Protocol development

Systematic reviews of the effectiveness of and harm caused by interventions were carried out using methodology2527 in line with the recommendations of the NHS Centre for Reviews and Dissemination and the Cochrane Collaboration, including the Cochrane Adverse Methods Subgroup.2533 The systematic reviews of effectiveness and of adverse effects were carried out simultaneously.

The protocol for this review included the following: a detailed literature search to identify all relevant citations, prioritisation of outcomes relevant to clinical practice by Delphi survey, assessment of the risk of bias for the individual studies and evaluation of the strength of evidence for individual outcomes using GRADE (Grading of Recommendations Assessment, Development and Evaluation) methodology.

Research question

The structured question addressed by the project is given in Table 1.

TABLE 1. The research question addressed by the project.

TABLE 1

The research question addressed by the project.

Methods for effectiveness review

Search strategy

A detailed search of the relevant published and unpublished literature was conducted by constructing a comprehensive search strategy for the effectiveness of dietary and lifestyle interventions in pregnancy. The following databases were searched: MEDLINE, EMBASE, BIOSIS, Latin American and Caribbean Health Sciences Literature (LILACS), Science Citation Index, Cochrane Database of Systematic Reviews (CDSR), Cochrane Central Register of Controlled Trials (CENTRAL), Database of Abstracts of Reviews of Effects (DARE), HTA database and PsycINFO. In addition, information on studies in progress and unpublished research or research reported in the grey literature were sought by searching a range of relevant databases including Inside Conferences, Systems for Information in Grey Literature (SIGLE), Dissertation Abstracts and ClinicalTrials.gov. Internet searches were also carried out using specialist search gateways (such as OMNI: www.omni.ac.uk/), general search engines (such as Google: www.google.co.uk/) and meta-search engines (such as Copernic: www.copernic.com/). The aim was to identify all studies evaluating the effectiveness of interventions for weight management in pregnancy.
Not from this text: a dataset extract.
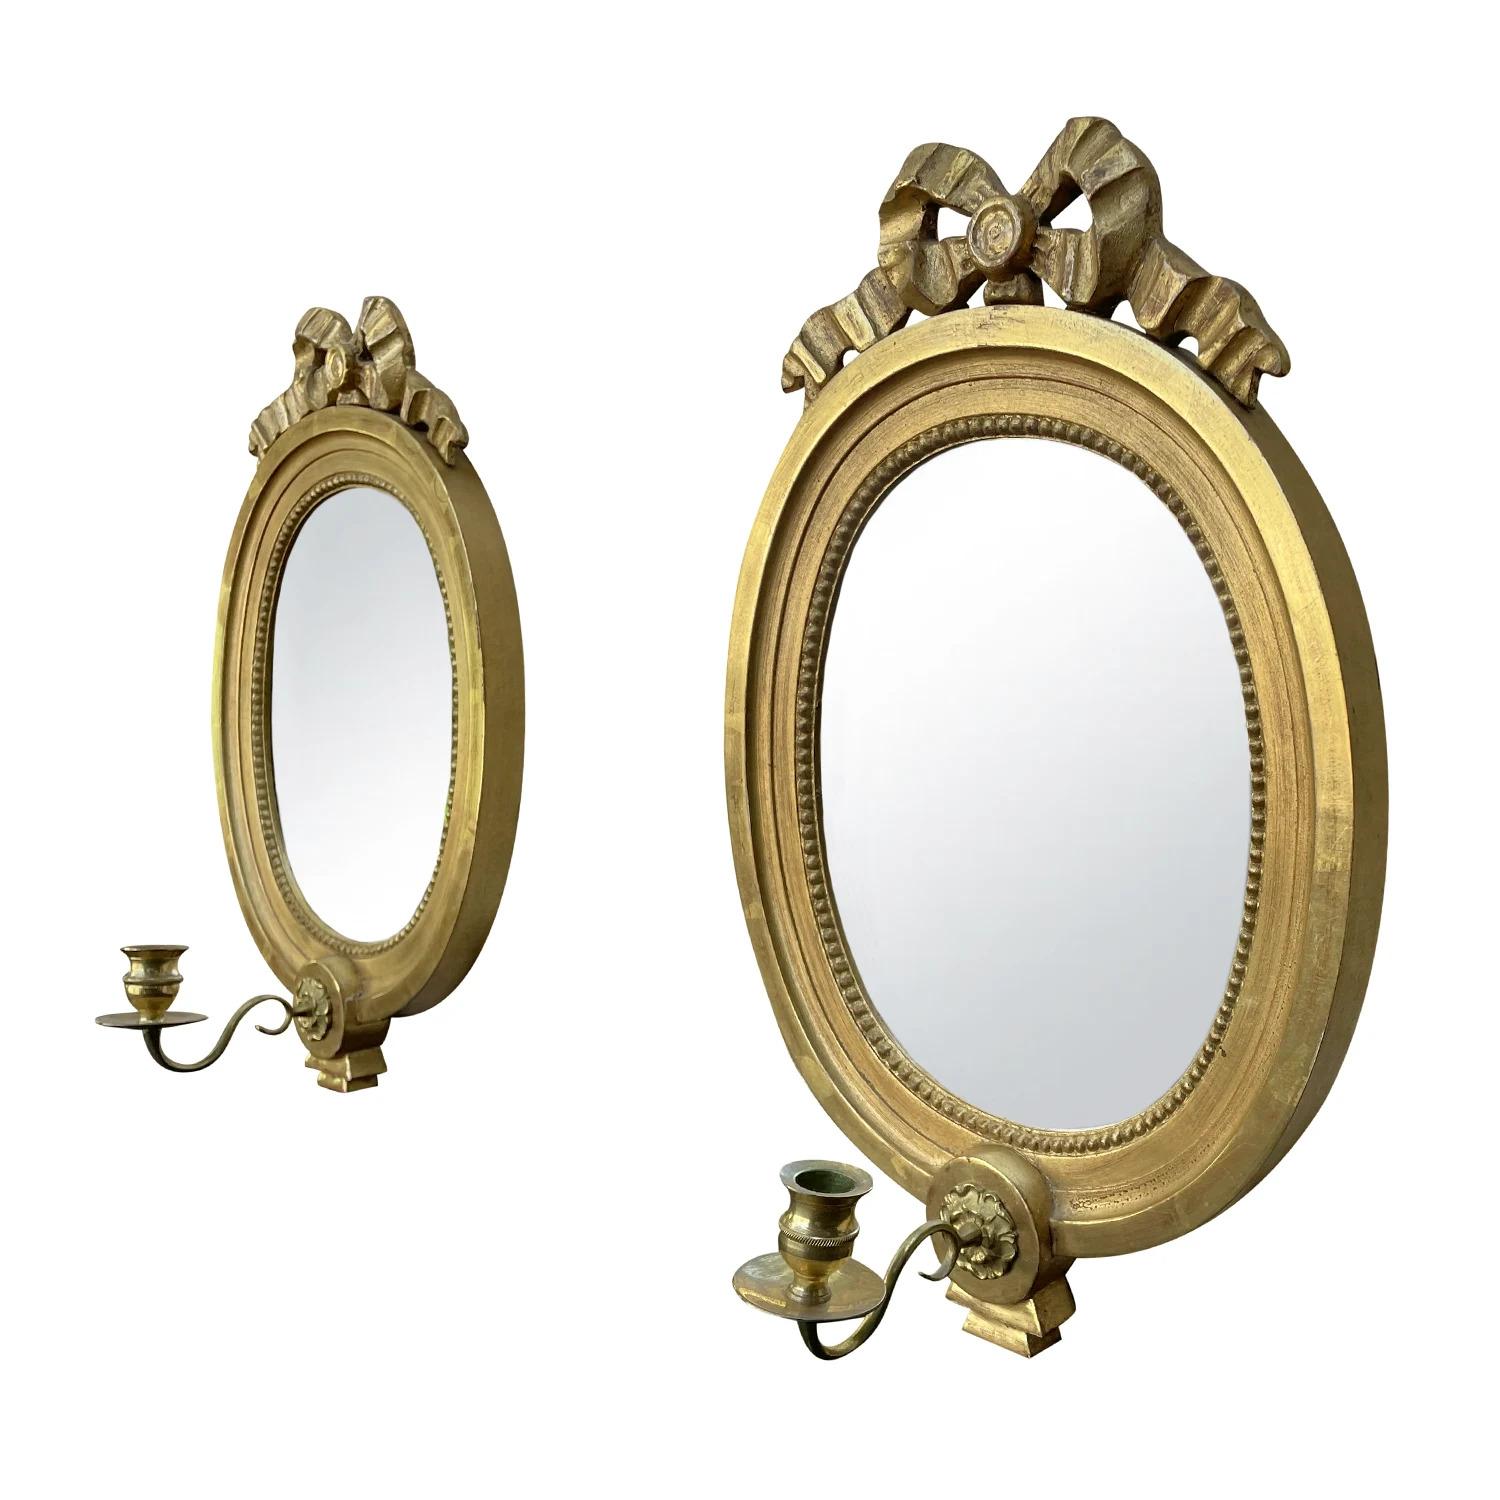 A 19th - 20th Century, gold antique Swedish Gustavian style pair of oval shaped wall mirrors made of hand carved gilded wood, bronze with its original mirrored glass, in good condition. Each of the Scandinavian wall décor piece is composed with a

The search strategy was designed in a multistep process by combining search terms related to pregnancy and weight. The search was limited by including search filters for ‘human studies’ and ‘study type’ (randomised clinical trials and observational trials without case series and case studies). Existing search strategies or filters, such as the InterTASC Information Specialists' Sub-Group Search Filter Resource, were used to develop the search strategy with some modifications as needed. No further limitations were applied. The detailed search strategy for effectiveness is provided in Appendix 2. MEDLINE and EMBASE were searched from inception to May 2010. Other databases were searched from inception to June 2010. The search was repeated and updated until March 2011. A comprehensive master database of articles was constructed using Reference Manager 12.0® software (Thomson Reuters, New York, NY, USA).

Inclusion criteria

The criteria for inclusion of studies in the effectiveness review are described in the following sections.

Population

Pregnant women expecting one or more than one baby (i.e. twins or triplets) were included. We included women who were of normal weight (BMI 18.5–24.9 kg/m2), overweight (BMI 25–29.9 kg/m2) or obese (BMI ≥ 30 kg/m2). We excluded pregnant women who were underweight (BMI < 18.5 kg/m2).

Setting

Any setting including primary care or secondary and tertiary units.

Interventions

We included any dietary, physical activity and behavioural change intervention that has the potential to influence weight change in pregnancy. Studies that evaluated interventions mainly based on dietary advice were classified in the dietary interventions group. Interventions primarily based on physical activities such as swimming, running and aerobic exercise were classified in the physical activity group. The mixed approach interventions group included studies that employed diet and physical activity components that may, or may not, be underpinned by behavioural theory. Table 2 lists the various interventions reviewed.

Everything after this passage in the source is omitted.